When I was a kid, my father had season tickets to the Dodgers every summer. Four tickets to twelve games that usually fell on weekend afternoons where the temperature would climb into the 90s. Our seats on the field level got progressively better as the years passed, inching from the foul pole over toward the first base line, but in my eyes, we paid dearly for our excellent view since the seats were never, ever in the shade. Mandy got my father's bronzed skin in the gene pool lottery, while I would be slathered in SPF 50 and buried under hats and long sleeves so I wouldn't be carted back to West L.A. the color of a lobster. Most of the time, the sun would beat on me so badly that by the fourth inning, my mother would need to walk me upstairs to the shady area behind the seats and put wet towels on my head. By the sixth inning I'd be ready to pass out and thus began the terse negotiations with my father as to when to leave the ballpark. We rarely made it to the seventh inning stretch.

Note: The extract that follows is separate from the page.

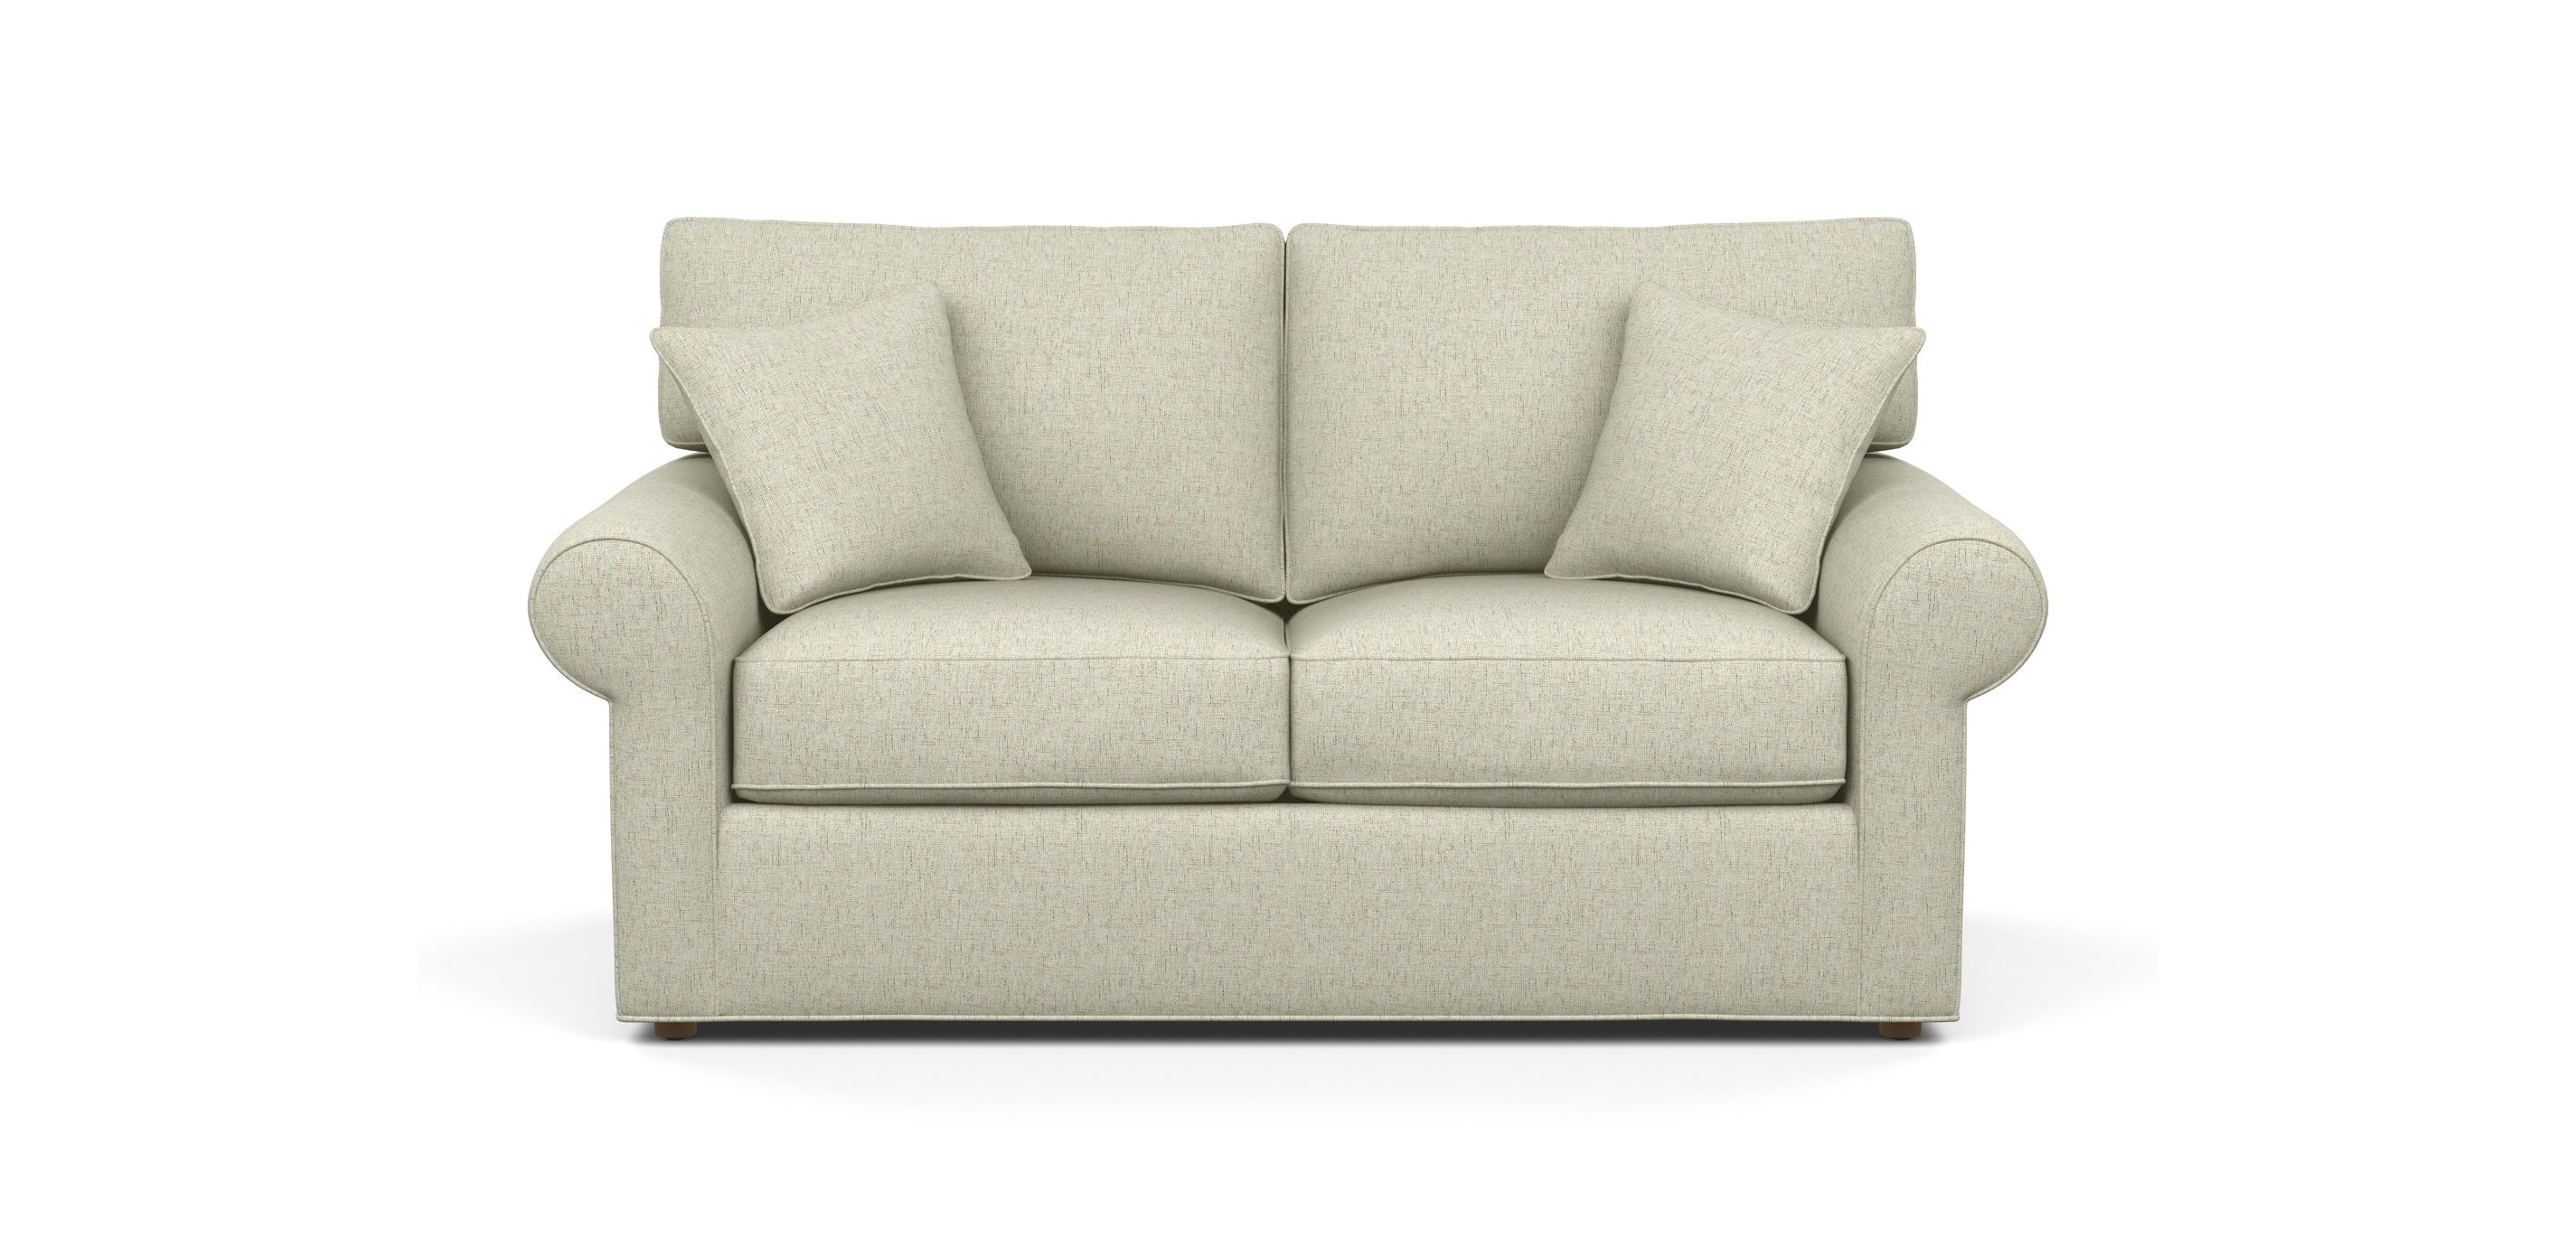 Retreat Roll Arm Sofa | Sofas & Loveseats | Ethan Allen With Regard To Sofas With Rolled Arm (Gallery 8 of 20)

Further complicating matters was the fact that my mother, an east coast transplant, was a die-hard Yankee fan and my father, a native Angeleno, was through and through Dodger Blue. Each managed to get one daughter to root for their team. I was brainwashed early, during the 1981 World Series when my mom bought me a Yankee doll. My father came home from work one evening and saw me carrying it around the house, saying "Go Yankees! Booo Dodgers!" He was naturally horrified and tried, in vain as the years went on, to get me to root for my hometown team. But it never stuck. So he worked on Mandy in earnest, and she's been a Dodger fan ever since.
Needless to say, my sensitive alabaster skin and I still prefer night games and Pauly took me to my first one in years on Friday night. The Dodgers played the Cubs and we had awesome seats on the loge level right above third base. Dodger games were and still are for me, primarily about food, and I got to enjoy a tasty Super Dodger Dog and down a few brewskis while peppering Pauly with stupid questions about baseball. Like why they watered the dirt on the field and how did they know where exactly to put the bases (little holes in the ground... who knew?) Unfortunately, the Dodgers eeked out a win in the ninth inning. Booooooo.
Sunday night, Pauly took me to the Palm for an early 30th birthday dinner. Yes, dear readers, I turn 30 on June 26th, smack in the middle of the WSOP. Since we'll more than likely be unable to celebrate on the actual day he thought ahead (sweet, thoughtful man that he is) and got us reservations. I ate a heavenly 14 oz. filet with a little bearnaise sauce on the side and had a glass of Shiraz. Pauly had the same, and (shock!) ordered a Caesar salad as an appetizer and even manager to finish half of it. Dessert was a sublime slice of key lime pie.
On Monday, my final day in SoCal for the next two months, we headed over to my parents' house for a BBQ. Mandy was going off to a location shoot in Mexico and would be out of town at the same time as me, so it would be the last time we could all get together before maybe August. Pauly had requested my father's signature burgers, and with good reason. They're thick, spicy, juicy, and never overcooked. As he took his first bite, a whole lot of that juice squirted out, all over his shirt, his jeans, and the tablecloth. Funny shit. I so wish I had it on camera.
A couple of weeks back, Pauly had sent me some photos of him from back in the day-- back in the frat day, back in the Phish-touring day, back in the long-hair day. It was my turn to compensate with some of my own humiliating photos. I took him on the photo tour of my parents' living room including a couple of baby pictures, my first communion photo, my high school graduation photo, and various shots of Mandy and I as little kids.
Finally it was time to pack. Make careful wardrobe selections for the summer and stuff it all into three small bags. Make sure all computer equipment was in working order and that all cords and chargers and drives and accessories were accounted for. Make sure I paid all my bills and left rent checks for Showcase and did the dishes in the sink. Because once we got on the 10 East the next morning, there was no turning back, at least until a new WSOP Champion had been crowned.